Photo of President of the Republic of Poland Andrzej Duda

Polish President Andrzej Duda

Piotr Miaczynski, Leszek Kostrzewski

-Analysis-

WARSAW — Poland’s new Commission for investigating Russian influence, which President Andrzej Duda signed into law on Monday, will be able to summon representatives of any company for inquiry. It has sparked a major controversy in Polish politics, as political opponents of the government warn that the Commission has been given near absolute power to investigate and punish any citizen, business or organization.

And opposition politicians are expected to be high on the list of would-be suspects, starting with Donald Tusk, who is challenging the ruling PiS government to return to the presidency next fall. For that reason, it has been sardonically dubbed: Lex Tusk.

University of Warsaw law professor Michal Romanowski notes that the interests of any firm can be considered favorable to Russia. “These are instruments which the likes of Putin and Orban would not be ashamed of," Romanowski said.

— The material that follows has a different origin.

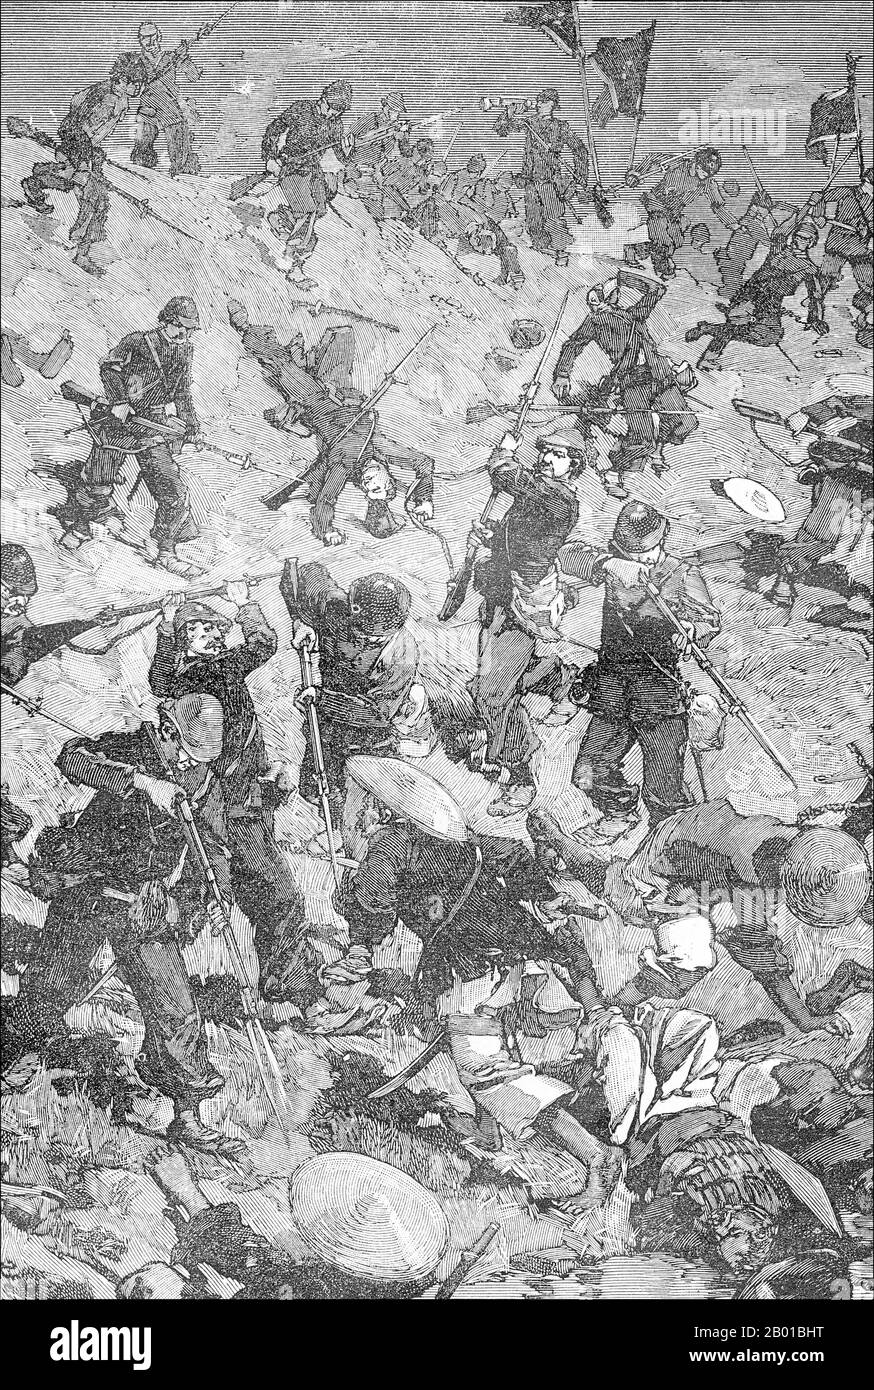 Vietnam/Frankreich: Französische Marineinfanteristen kämpfen bei der Schlacht von Palan gegen Schwarze Flaggen, 1. September 1883. Stich von Charles-Lucien Huard (12. Februar 1837 - 22. Januar 1899), 1887. Die Tonkin-Kampagne (französisch: Campagne du Tonkin) war ein bewaffneter Konflikt, der zwischen Juni 1883 und April 1886 von den Franzosen gegen die Vietnamesen, Liu Yongfus Armee mit schwarzer Flagge und die chinesischen Armeen Guangxi und Yunnan geführt wurde, um Tonkin (Nordvietnam) zu besetzen und dort ein französisches Protektorat zu verankern. Stockfoto

The law on the Commission for examining Russian influences has "atomic" prerogatives sewn into it. Nine members of the Commission with the rank of secretary of state will be able to summon virtually anyone, with the powers of severe punishment.

Under the new law, these Commissioners will become arbiters of nearly absolute power, and will be able to use the resources of nearly any organ of the state, including the secret services, in order to demand access to every available document. They will be able to prosecute people for acts which were not prohibited at the time they were committed.

Their prerogatives are broader than that of the President or the Prime Minister, wider than those of any court. And there is virtually no oversight over their actions.

Nobody can feel safe. This includes companies, their management, lawyers, journalists, and trade unionists.